---------- EXCERPTED RECORDS
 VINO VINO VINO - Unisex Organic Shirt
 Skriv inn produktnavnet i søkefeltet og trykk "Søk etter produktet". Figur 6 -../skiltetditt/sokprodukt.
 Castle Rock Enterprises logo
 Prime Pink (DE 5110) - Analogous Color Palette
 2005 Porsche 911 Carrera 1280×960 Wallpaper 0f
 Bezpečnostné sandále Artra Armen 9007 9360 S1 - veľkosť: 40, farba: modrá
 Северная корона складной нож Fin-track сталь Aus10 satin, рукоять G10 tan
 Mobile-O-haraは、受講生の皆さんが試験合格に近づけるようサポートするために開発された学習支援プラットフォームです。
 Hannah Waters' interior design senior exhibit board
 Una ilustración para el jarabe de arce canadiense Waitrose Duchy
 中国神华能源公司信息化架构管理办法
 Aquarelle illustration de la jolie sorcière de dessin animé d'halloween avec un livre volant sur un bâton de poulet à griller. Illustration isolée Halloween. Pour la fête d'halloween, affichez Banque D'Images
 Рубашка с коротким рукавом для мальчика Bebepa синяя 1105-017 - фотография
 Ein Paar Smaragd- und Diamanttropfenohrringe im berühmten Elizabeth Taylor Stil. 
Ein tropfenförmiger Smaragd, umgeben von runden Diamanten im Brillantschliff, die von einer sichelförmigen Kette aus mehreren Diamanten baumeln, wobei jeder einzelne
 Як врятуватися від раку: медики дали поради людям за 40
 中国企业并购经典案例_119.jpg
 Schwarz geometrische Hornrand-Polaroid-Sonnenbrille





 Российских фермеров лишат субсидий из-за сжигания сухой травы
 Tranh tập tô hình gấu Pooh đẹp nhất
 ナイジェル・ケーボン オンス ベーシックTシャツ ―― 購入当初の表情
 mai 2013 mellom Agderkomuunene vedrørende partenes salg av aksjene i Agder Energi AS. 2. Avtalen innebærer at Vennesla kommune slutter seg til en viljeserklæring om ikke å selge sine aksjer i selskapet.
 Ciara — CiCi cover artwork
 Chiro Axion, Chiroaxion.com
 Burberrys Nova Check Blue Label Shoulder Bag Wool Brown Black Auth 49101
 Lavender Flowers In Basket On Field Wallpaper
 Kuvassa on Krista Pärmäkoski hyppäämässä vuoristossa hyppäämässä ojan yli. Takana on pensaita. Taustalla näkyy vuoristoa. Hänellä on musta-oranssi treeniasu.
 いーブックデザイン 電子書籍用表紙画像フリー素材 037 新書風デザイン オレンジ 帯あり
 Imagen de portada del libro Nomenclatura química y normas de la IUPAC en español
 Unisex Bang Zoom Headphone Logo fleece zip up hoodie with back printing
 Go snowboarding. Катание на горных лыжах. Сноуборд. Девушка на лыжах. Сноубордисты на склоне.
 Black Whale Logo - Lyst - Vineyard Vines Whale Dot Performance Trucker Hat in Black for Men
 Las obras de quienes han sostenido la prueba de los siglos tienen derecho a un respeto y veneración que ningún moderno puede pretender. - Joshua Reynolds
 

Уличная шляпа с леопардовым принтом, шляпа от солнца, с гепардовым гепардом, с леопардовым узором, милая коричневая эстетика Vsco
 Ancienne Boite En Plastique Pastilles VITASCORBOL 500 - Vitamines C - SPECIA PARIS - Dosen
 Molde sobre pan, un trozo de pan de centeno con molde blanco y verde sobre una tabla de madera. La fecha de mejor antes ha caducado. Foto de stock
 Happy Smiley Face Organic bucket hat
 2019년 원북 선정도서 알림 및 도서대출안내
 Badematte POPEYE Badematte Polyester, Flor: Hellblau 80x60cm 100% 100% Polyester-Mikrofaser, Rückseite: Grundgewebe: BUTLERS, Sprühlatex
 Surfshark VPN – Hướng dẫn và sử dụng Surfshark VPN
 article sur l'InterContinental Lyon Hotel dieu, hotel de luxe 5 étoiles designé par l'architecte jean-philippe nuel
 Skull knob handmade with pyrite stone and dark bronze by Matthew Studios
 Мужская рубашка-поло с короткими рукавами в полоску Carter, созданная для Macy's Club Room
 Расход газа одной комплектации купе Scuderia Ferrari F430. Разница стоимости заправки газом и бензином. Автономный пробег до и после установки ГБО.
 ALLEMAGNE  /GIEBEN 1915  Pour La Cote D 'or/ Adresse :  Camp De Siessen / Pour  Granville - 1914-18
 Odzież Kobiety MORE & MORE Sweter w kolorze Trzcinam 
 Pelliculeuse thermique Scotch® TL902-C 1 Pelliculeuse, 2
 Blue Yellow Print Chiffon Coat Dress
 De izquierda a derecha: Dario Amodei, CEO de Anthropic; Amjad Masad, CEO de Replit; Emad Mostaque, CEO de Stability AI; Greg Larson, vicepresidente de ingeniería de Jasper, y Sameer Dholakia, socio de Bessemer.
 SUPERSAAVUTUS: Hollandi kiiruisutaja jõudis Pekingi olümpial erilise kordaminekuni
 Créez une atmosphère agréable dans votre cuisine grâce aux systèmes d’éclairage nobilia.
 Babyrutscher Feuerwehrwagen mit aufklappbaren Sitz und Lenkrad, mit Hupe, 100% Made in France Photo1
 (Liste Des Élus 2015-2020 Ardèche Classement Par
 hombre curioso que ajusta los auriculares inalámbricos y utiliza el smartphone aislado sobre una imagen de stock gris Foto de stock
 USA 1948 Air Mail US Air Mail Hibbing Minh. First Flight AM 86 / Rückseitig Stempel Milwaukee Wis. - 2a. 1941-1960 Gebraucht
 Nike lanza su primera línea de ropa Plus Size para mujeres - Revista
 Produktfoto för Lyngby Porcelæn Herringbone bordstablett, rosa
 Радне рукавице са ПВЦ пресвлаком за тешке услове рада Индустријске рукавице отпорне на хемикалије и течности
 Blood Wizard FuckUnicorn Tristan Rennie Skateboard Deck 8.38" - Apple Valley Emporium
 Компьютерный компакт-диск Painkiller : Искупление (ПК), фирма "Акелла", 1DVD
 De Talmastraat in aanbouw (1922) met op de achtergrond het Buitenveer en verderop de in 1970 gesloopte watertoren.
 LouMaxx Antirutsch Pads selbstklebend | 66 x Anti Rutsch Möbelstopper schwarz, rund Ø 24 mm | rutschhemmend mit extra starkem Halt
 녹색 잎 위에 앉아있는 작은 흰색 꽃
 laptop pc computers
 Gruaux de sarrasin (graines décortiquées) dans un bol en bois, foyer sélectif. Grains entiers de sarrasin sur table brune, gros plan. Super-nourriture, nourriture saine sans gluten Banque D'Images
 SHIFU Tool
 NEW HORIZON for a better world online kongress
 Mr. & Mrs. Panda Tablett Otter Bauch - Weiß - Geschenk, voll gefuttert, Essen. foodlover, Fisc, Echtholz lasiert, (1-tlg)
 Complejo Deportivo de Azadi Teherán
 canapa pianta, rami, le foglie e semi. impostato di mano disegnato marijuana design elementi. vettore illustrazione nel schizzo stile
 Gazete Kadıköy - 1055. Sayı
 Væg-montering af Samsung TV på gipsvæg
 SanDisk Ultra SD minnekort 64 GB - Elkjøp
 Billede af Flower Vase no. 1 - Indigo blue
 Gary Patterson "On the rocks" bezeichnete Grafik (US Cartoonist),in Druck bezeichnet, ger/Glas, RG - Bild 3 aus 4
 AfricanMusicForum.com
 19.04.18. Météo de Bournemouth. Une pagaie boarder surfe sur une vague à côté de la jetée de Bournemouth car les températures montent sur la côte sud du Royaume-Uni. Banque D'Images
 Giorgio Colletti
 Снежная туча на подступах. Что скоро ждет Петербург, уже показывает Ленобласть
--------------------
INSTRUCTIONS FOR THE TASK – Please transcribe all of the entries precisely.

TASK ANSWER –
 VINO VINO VINO - Unisex Organic Shirt
 Skriv inn produktnavnet i søkefeltet og trykk "Søk etter produktet". Figur 6 -../skiltetditt/sokprodukt.
 Castle Rock Enterprises logo
 Prime Pink (DE 5110) - Analogous Color Palette
 2005 Porsche 911 Carrera 1280×960 Wallpaper 0f
 Bezpečnostné sandále Artra Armen 9007 9360 S1 - veľkosť: 40, farba: modrá
 Северная корона складной нож Fin-track сталь Aus10 satin, рукоять G10 tan
 Mobile-O-haraは、受講生の皆さんが試験合格に近づけるようサポートするために開発された学習支援プラットフォームです。
 Hannah Waters' interior design senior exhibit board
 Una ilustración para el jarabe de arce canadiense Waitrose Duchy
 中国神华能源公司信息化架构管理办法
 Aquarelle illustration de la jolie sorcière de dessin animé d'halloween avec un livre volant sur un bâton de poulet à griller. Illustration isolée Halloween. Pour la fête d'halloween, affichez Banque D'Images
 Рубашка с коротким рукавом для мальчика Bebepa синяя 1105-017 - фотография
 Ein Paar Smaragd- und Diamanttropfenohrringe im berühmten Elizabeth Taylor Stil. 
Ein tropfenförmiger Smaragd, umgeben von runden Diamanten im Brillantschliff, die von einer sichelförmigen Kette aus mehreren Diamanten baumeln, wobei jeder einzelne
 Як врятуватися від раку: медики дали поради людям за 40
 中国企业并购经典案例_119.jpg
 Schwarz geometrische Hornrand-Polaroid-Sonnenbrille





 Российских фермеров лишат субсидий из-за сжигания сухой травы
 Tranh tập tô hình gấu Pooh đẹp nhất
 ナイジェル・ケーボン オンス ベーシックTシャツ ―― 購入当初の表情
 mai 2013 mellom Agderkomuunene vedrørende partenes salg av aksjene i Agder Energi AS. 2. Avtalen innebærer at Vennesla kommune slutter seg til en viljeserklæring om ikke å selge sine aksjer i selskapet.
 Ciara — CiCi cover artwork
 Chiro Axion, Chiroaxion.com
 Burberrys Nova Check Blue Label Shoulder Bag Wool Brown Black Auth 49101
 Lavender Flowers In Basket On Field Wallpaper
 Kuvassa on Krista Pärmäkoski hyppäämässä vuoristossa hyppäämässä ojan yli. Takana on pensaita. Taustalla näkyy vuoristoa. Hänellä on musta-oranssi treeniasu.
 いーブックデザイン 電子書籍用表紙画像フリー素材 037 新書風デザイン オレンジ 帯あり
 Imagen de portada del libro Nomenclatura química y normas de la IUPAC en español
 Unisex Bang Zoom Headphone Logo fleece zip up hoodie with back printing
 Go snowboarding. Катание на горных лыжах. Сноуборд. Девушка на лыжах. Сноубордисты на склоне.
 Black Whale Logo - Lyst - Vineyard Vines Whale Dot Performance Trucker Hat in Black for Men
 Las obras de quienes han sostenido la prueba de los siglos tienen derecho a un respeto y veneración que ningún moderno puede pretender. - Joshua Reynolds
 

Уличная шляпа с леопардовым принтом, шляпа от солнца, с гепардовым гепардом, с леопардовым узором, милая коричневая эстетика Vsco
 Ancienne Boite En Plastique Pastilles VITASCORBOL 500 - Vitamines C - SPECIA PARIS - Dosen
 Molde sobre pan, un trozo de pan de centeno con molde blanco y verde sobre una tabla de madera. La fecha de mejor antes ha caducado. Foto de stock
 Happy Smiley Face Organic bucket hat
 2019년 원북 선정도서 알림 및 도서대출안내
 Badematte POPEYE Badematte Polyester, Flor: Hellblau 80x60cm 100% 100% Polyester-Mikrofaser, Rückseite: Grundgewebe: BUTLERS, Sprühlatex
 Surfshark VPN – Hướng dẫn và sử dụng Surfshark VPN
 article sur l'InterContinental Lyon Hotel dieu, hotel de luxe 5 étoiles designé par l'architecte jean-philippe nuel
 Skull knob handmade with pyrite stone and dark bronze by Matthew Studios
 Мужская рубашка-поло с короткими рукавами в полоску Carter, созданная для Macy's Club Room
 Расход газа одной комплектации купе Scuderia Ferrari F430. Разница стоимости заправки газом и бензином. Автономный пробег до и после установки ГБО.
 ALLEMAGNE  /GIEBEN 1915  Pour La Cote D 'or/ Adresse :  Camp De Siessen / Pour  Granville - 1914-18
 Odzież Kobiety MORE & MORE Sweter w kolorze Trzcinam 
 Pelliculeuse thermique Scotch® TL902-C 1 Pelliculeuse, 2
 Blue Yellow Print Chiffon Coat Dress
 De izquierda a derecha: Dario Amodei, CEO de Anthropic; Amjad Masad, CEO de Replit; Emad Mostaque, CEO de Stability AI; Greg Larson, vicepresidente de ingeniería de Jasper, y Sameer Dholakia, socio de Bessemer.
 SUPERSAAVUTUS: Hollandi kiiruisutaja jõudis Pekingi olümpial erilise kordaminekuni
 Créez une atmosphère agréable dans votre cuisine grâce aux systèmes d’éclairage nobilia.
 Babyrutscher Feuerwehrwagen mit aufklappbaren Sitz und Lenkrad, mit Hupe, 100% Made in France Photo1
 (Liste Des Élus 2015-2020 Ardèche Classement Par
 hombre curioso que ajusta los auriculares inalámbricos y utiliza el smartphone aislado sobre una imagen de stock gris Foto de stock
 USA 1948 Air Mail US Air Mail Hibbing Minh. First Flight AM 86 / Rückseitig Stempel Milwaukee Wis. - 2a. 1941-1960 Gebraucht
 Nike lanza su primera línea de ropa Plus Size para mujeres - Revista
 Produktfoto för Lyngby Porcelæn Herringbone bordstablett, rosa
 Радне рукавице са ПВЦ пресвлаком за тешке услове рада Индустријске рукавице отпорне на хемикалије и течности
 Blood Wizard FuckUnicorn Tristan Rennie Skateboard Deck 8.38" - Apple Valley Emporium
 Компьютерный компакт-диск Painkiller : Искупление (ПК), фирма "Акелла", 1DVD
 De Talmastraat in aanbouw (1922) met op de achtergrond het Buitenveer en verderop de in 1970 gesloopte watertoren.
 LouMaxx Antirutsch Pads selbstklebend | 66 x Anti Rutsch Möbelstopper schwarz, rund Ø 24 mm | rutschhemmend mit extra starkem Halt
 녹색 잎 위에 앉아있는 작은 흰색 꽃
 laptop pc computers
 Gruaux de sarrasin (graines décortiquées) dans un bol en bois, foyer sélectif. Grains entiers de sarrasin sur table brune, gros plan. Super-nourriture, nourriture saine sans gluten Banque D'Images
 SHIFU Tool
 NEW HORIZON for a better world online kongress
 Mr. & Mrs. Panda Tablett Otter Bauch - Weiß - Geschenk, voll gefuttert, Essen. foodlover, Fisc, Echtholz lasiert, (1-tlg)
 Complejo Deportivo de Azadi Teherán
 canapa pianta, rami, le foglie e semi. impostato di mano disegnato marijuana design elementi. vettore illustrazione nel schizzo stile
 Gazete Kadıköy - 1055. Sayı
 Væg-montering af Samsung TV på gipsvæg
 SanDisk Ultra SD minnekort 64 GB - Elkjøp
 Billede af Flower Vase no. 1 - Indigo blue
 Gary Patterson "On the rocks" bezeichnete Grafik (US Cartoonist),in Druck bezeichnet, ger/Glas, RG - Bild 3 aus 4
 AfricanMusicForum.com
 19.04.18. Météo de Bournemouth. Une pagaie boarder surfe sur une vague à côté de la jetée de Bournemouth car les températures montent sur la côte sud du Royaume-Uni. Banque D'Images
 Giorgio Colletti
 Снежная туча на подступах. Что скоро ждет Петербург, уже показывает Ленобласть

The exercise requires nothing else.